What Does Genesis 38:8 Mean?
Verse-by-verse commentary and theological analysis
Genesis 38:8 Commentary
Then Judah said to Onan, "Go in to your brother's wife and perform the duty of a brother-in-law to her, and raise up offspring for your brother." Judah's command to Onan enacts the levirate custom that will later be codified in Deuteronomy 25:5 to 10. When a married man dies without children, his brother is to marry the widow and produce an heir whose legal identity will carry the dead man's name, preserving his inheritance and his family line. Judah understands this obligation and instructs Onan accordingly: perform the duty, raise up offspring for Er. The command is the right and expected one. The problem is what Onan does with it.
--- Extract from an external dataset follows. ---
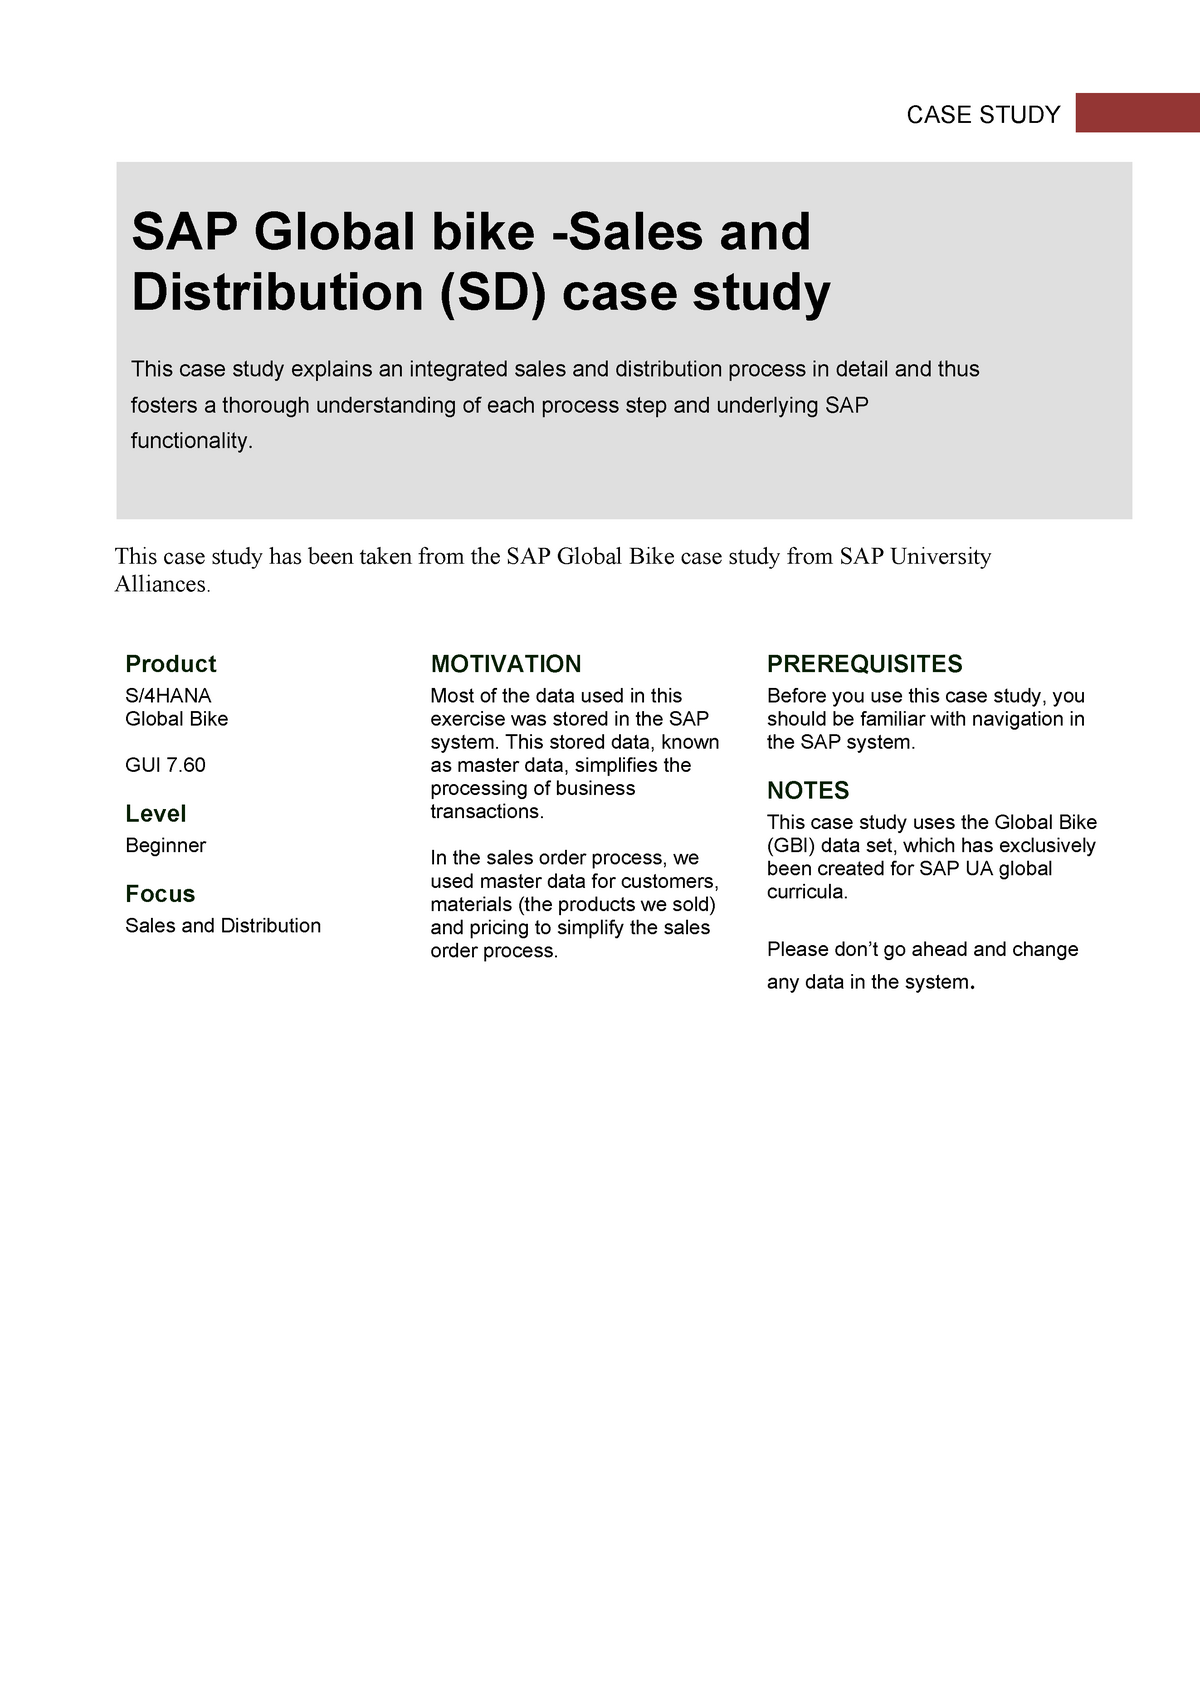 sap case study pdf

The levirate obligation in ancient Israel was simultaneously a legal duty, a family obligation, and a covenantal concern. The covenant family's continuity required that each line within it be preserved: that dead brothers not be written out of the genealogy by childlessness. The duty Judah assigns Onan is specifically personal kindness to Tamar; it is the family's mechanism for maintaining the integrity of its own succession. Onan as the surviving brother is obligated not because he loves Tamar but because the family's covenant structure requires someone to stand in Er's place genealogically and produce the heir who will carry Er's name.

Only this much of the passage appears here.